ソフラチュールについて


 ソフラチュールについての問い合わせも多いので,これについてまとめてみる。

 まず,ソフラチュールとはどういう製品なのだろうか?
 手元のデータを見ると,その素材としては「コットン+無水ラノリン+白色ワセリン+硫酸フラジオマイシン」となっている。コットンといえば綿,フラジオマイシンは皆様よく御存知の抗菌剤,ワセリンはよく御存知のワセリンである。

 唯一あまりおなじみでないのは「無水ラノリン」であるが,これは「ハーブを利用してクリームを作ろう」なんていうサイトを覗くと,クリームの基材としてよく使われるものらしい。さらにしつこく「ラノリン」について調べてみたが,これは「羊毛を刈り取ってウールに仕上げる際に副産物として回収されるウールグリースを精製したもの。融点40℃付近の淡黄色の蝋状物質で、高級アルコール及び高級脂肪酸のワックスエステル」だそうである。
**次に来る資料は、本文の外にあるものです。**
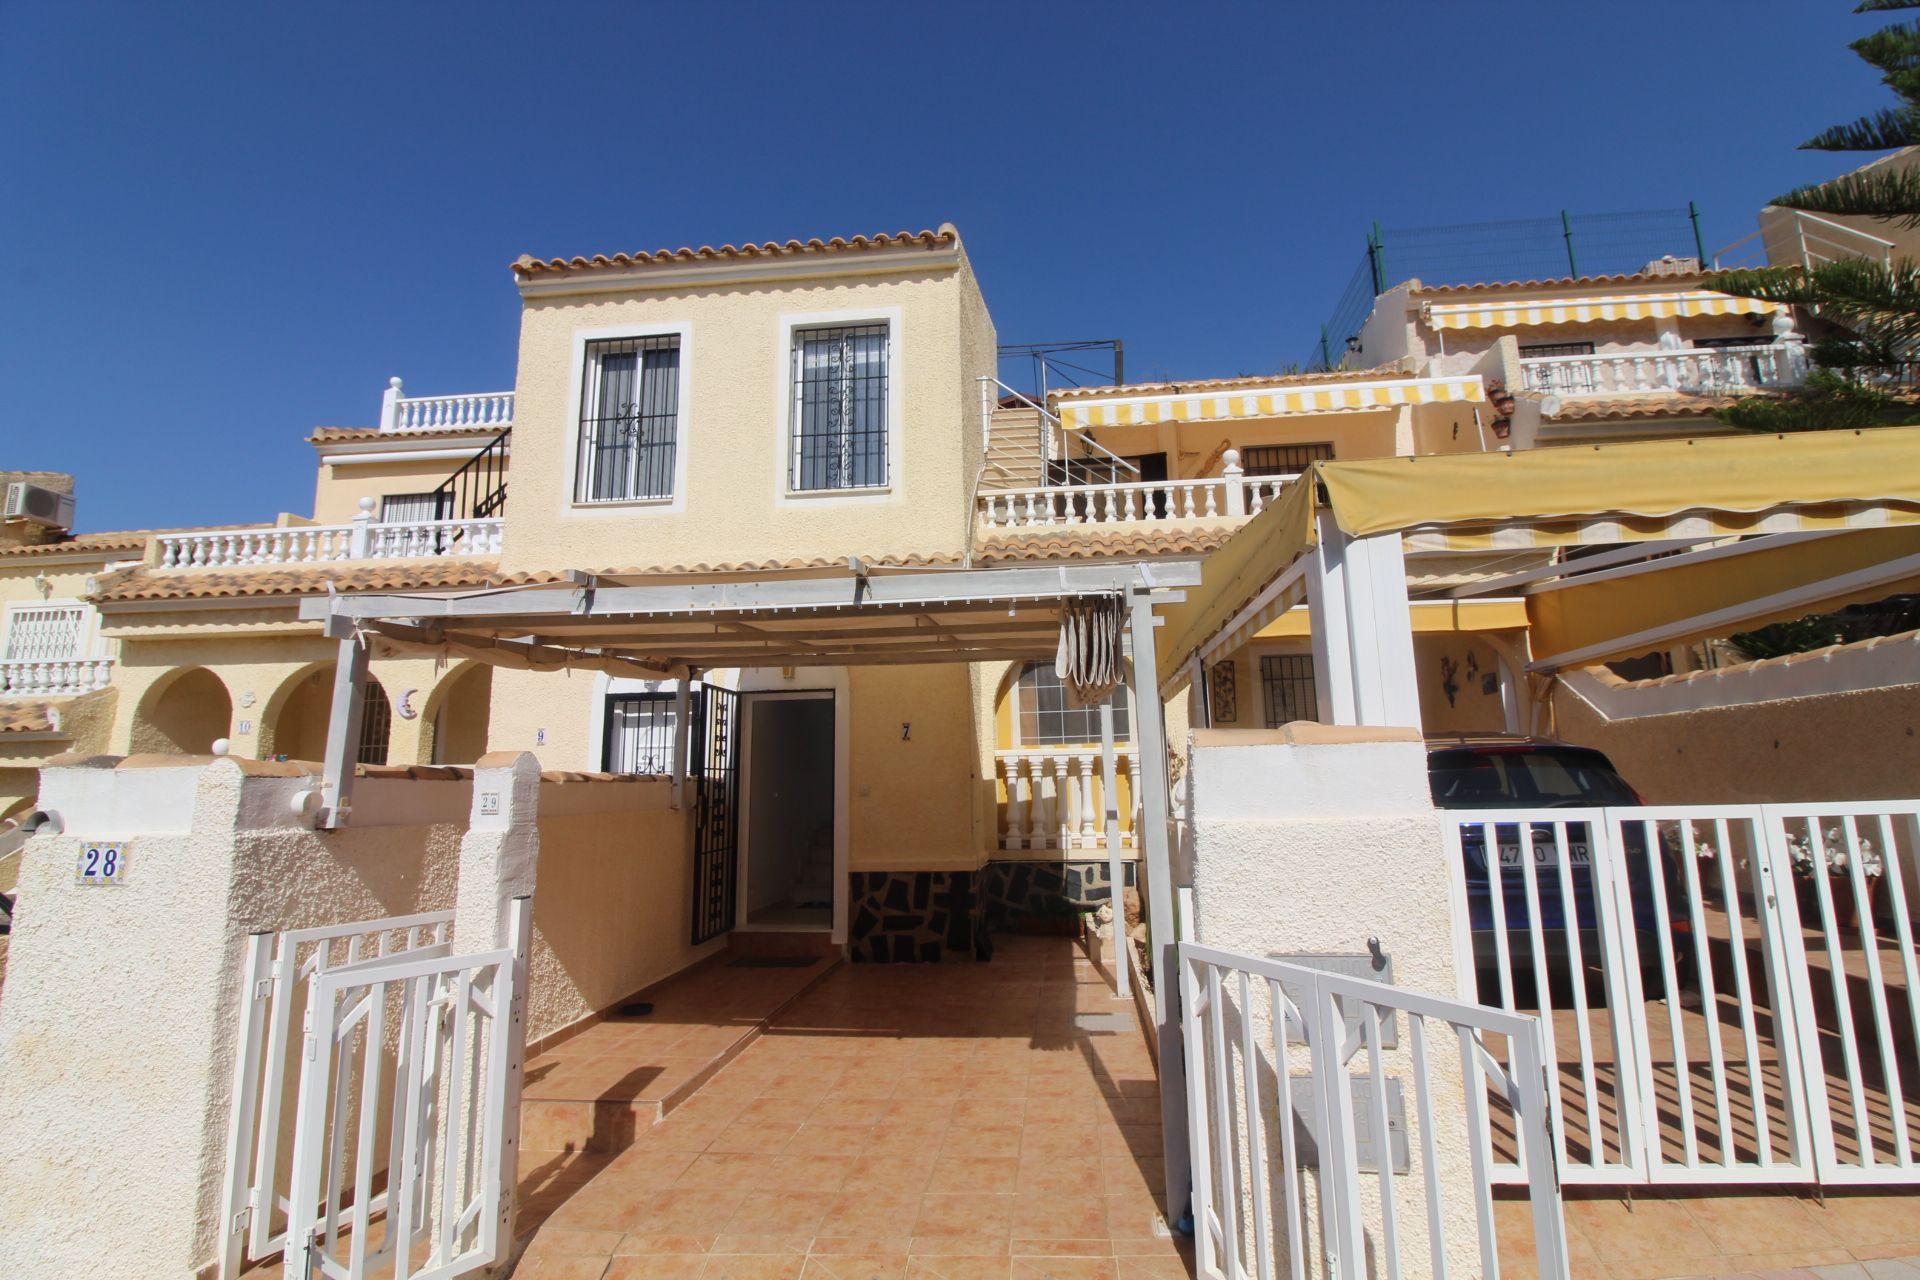 Duplex in Gran Alacant, Monte y Mar Zona Baja Gran Alacant, for rent

 要するに,網目状にした綿に抗菌剤を含ませた軟膏基材を練りこんだもの,と考えていいようである。問題はこれが創治癒にとって有効なものか,という点だ。


 もちろん,上記の「コットン+無水ラノリン+白色ワセリン+硫酸フラジオマイシン」でお判りのように,これはこのサイトで奨励している「創傷被覆材」ではなく,あの有害な「ガーゼ」とまったく変わりがない。従って皮膚欠損創には使うべきではない,というのが結論。
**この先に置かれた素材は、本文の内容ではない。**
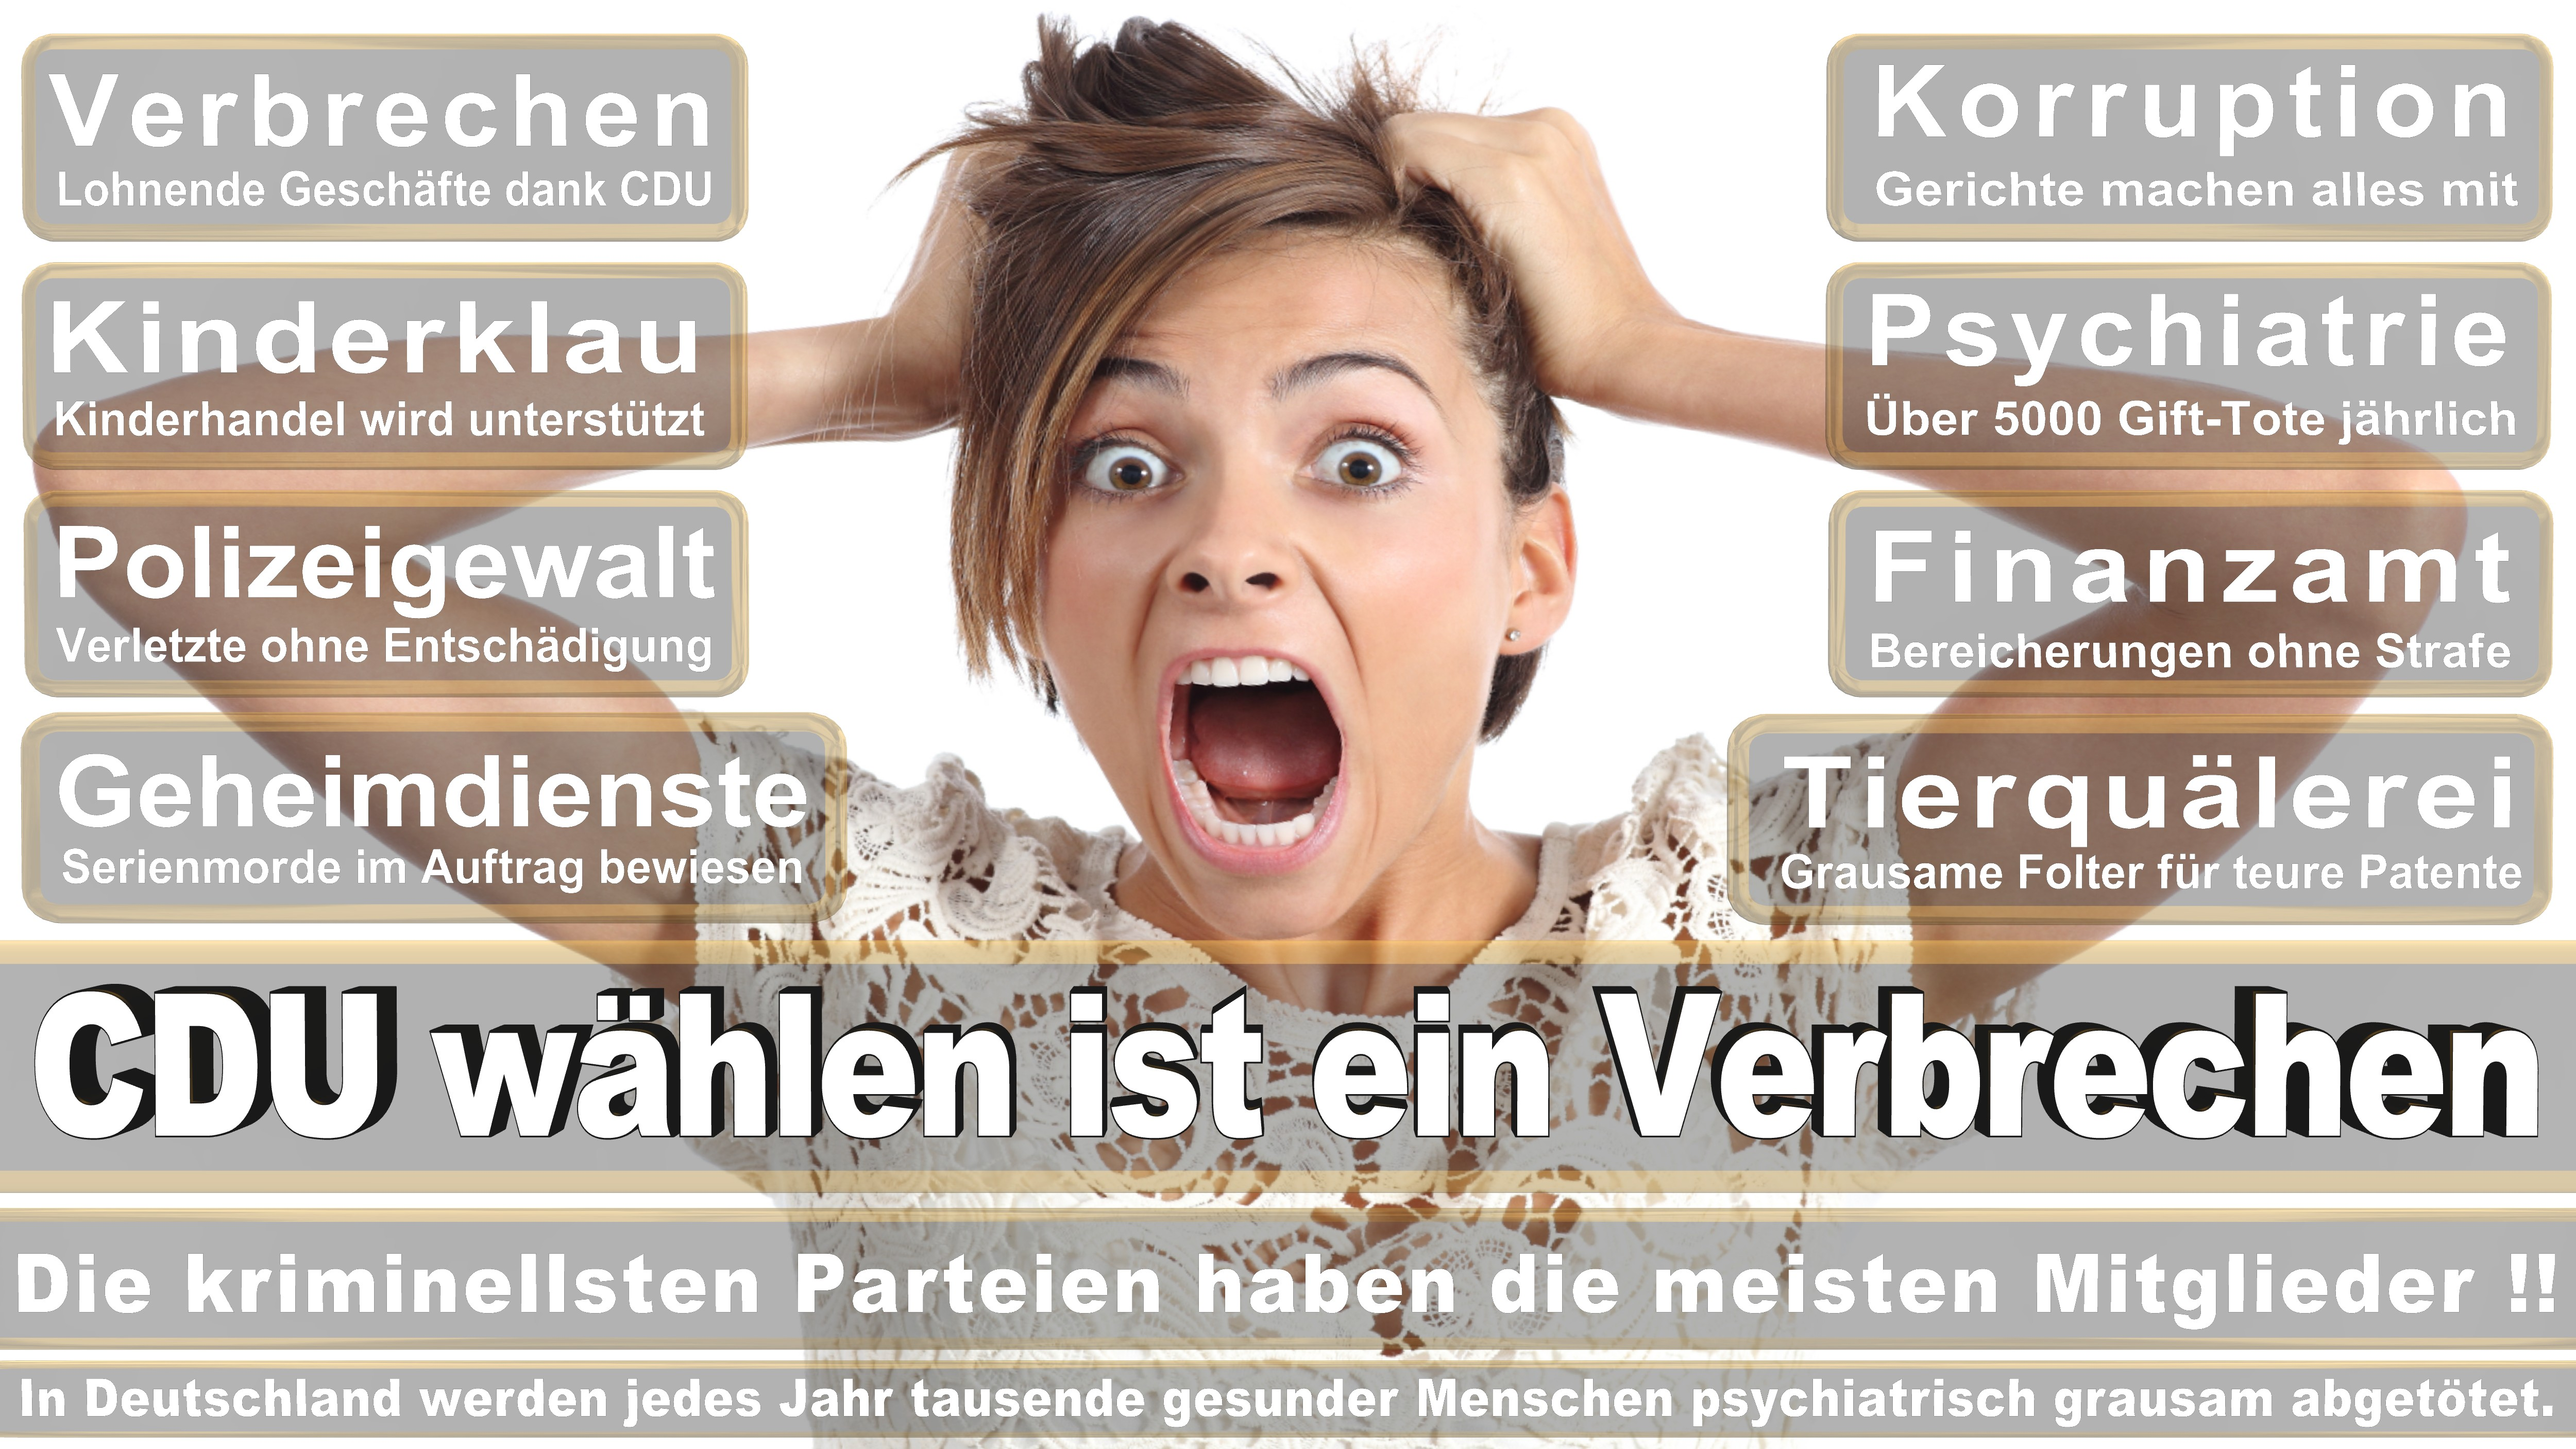 Backnang SPD Baden Württemberg Politiker Deutschland

 しかしなぜか,日本中の病院,医者の間では「傷がグジュグジュして困った時はとりあえずソフラチュール」という考えが蔓延しているし,いわば常識化されている。いわば「ソフラチュール信仰」である。なぜこれほどまでに信頼されているか,原因を勝手に考えてみると

  1. 普通のガーゼと違い,軟膏でベトベトしているので,傷にくっつかないような印象があること
  2. 抗菌剤を含んでいるため,化膿している傷に有効と感じられること
 この2点だろうと思う。後者については確かに効く場合もあるかもしれないな,というのを否定するものではないが,前者についてはまったく根拠のない思い込みである。患者さんの皮膚欠損創にソフラチュールをあてている医者を見ると,「あんたが怪我をしたらソフラチュールをつけて次の日,思いっきり剥してやるけど,それでもいい?」と言いたくなる(患者が治療で受ける「痛み」にあまりに無頓着な医者ばかりいて,おどろいてしまうね)

 要するにソフラチュールだけでは傷の表面は乾燥してしまうし,創治癒は停止してしまう。はっきり言うと,これを付けておくくらいなら,家庭調理用のラップ(サ○ンラップなど)で覆った方が速く治るはずだ。
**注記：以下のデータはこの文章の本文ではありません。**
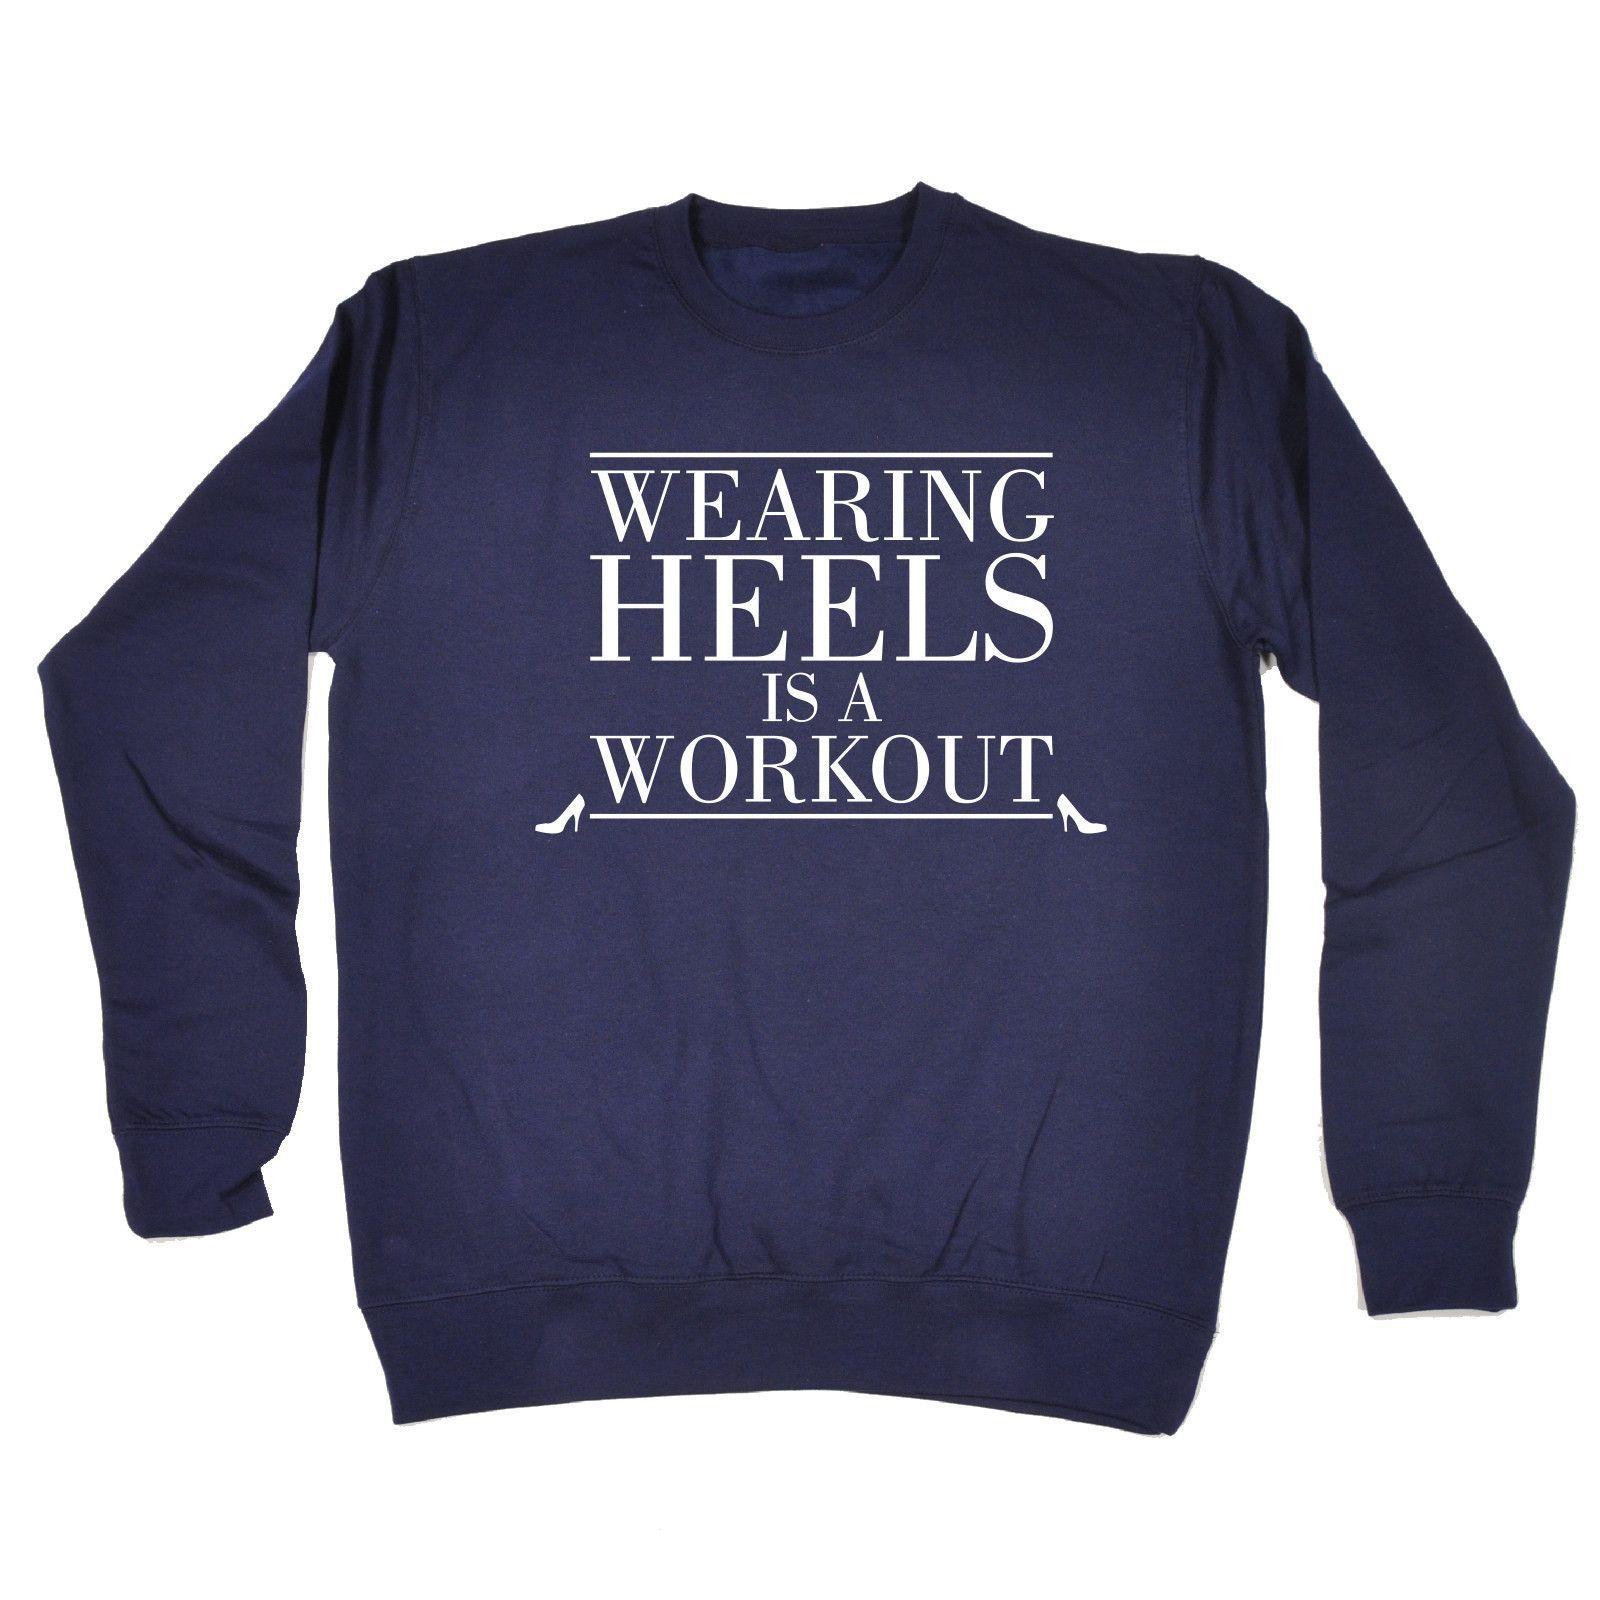 123t USA Wearing Heels Is A Workout Funny Sweatshirt

 ソフラチュールがもっとも駄目なのは,深い皮膚潰瘍,皮膚欠損創に使用した場合,せっかく上がってきた肉芽にソフラチュールの網目が食い込んでしまうことだろう。このため,ソフラチュールを剥そうとするとすごく痛いし,出血する羽目になる。もちろん,肉芽表面も傷つくため治癒は遅れてしまう。この理由から,少なくとも「肉芽が上がっている傷や深い皮膚欠損創」には絶対に使うべきではないと考える。

 どうしてもソフラチュールを使うのであれば,もう放っておいても治るだろう,というくらいにほぼ治癒している傷だけにとどめておくべきであろう。それ以外の傷に使った場合,それは医療行為でなく単なる障害行為である。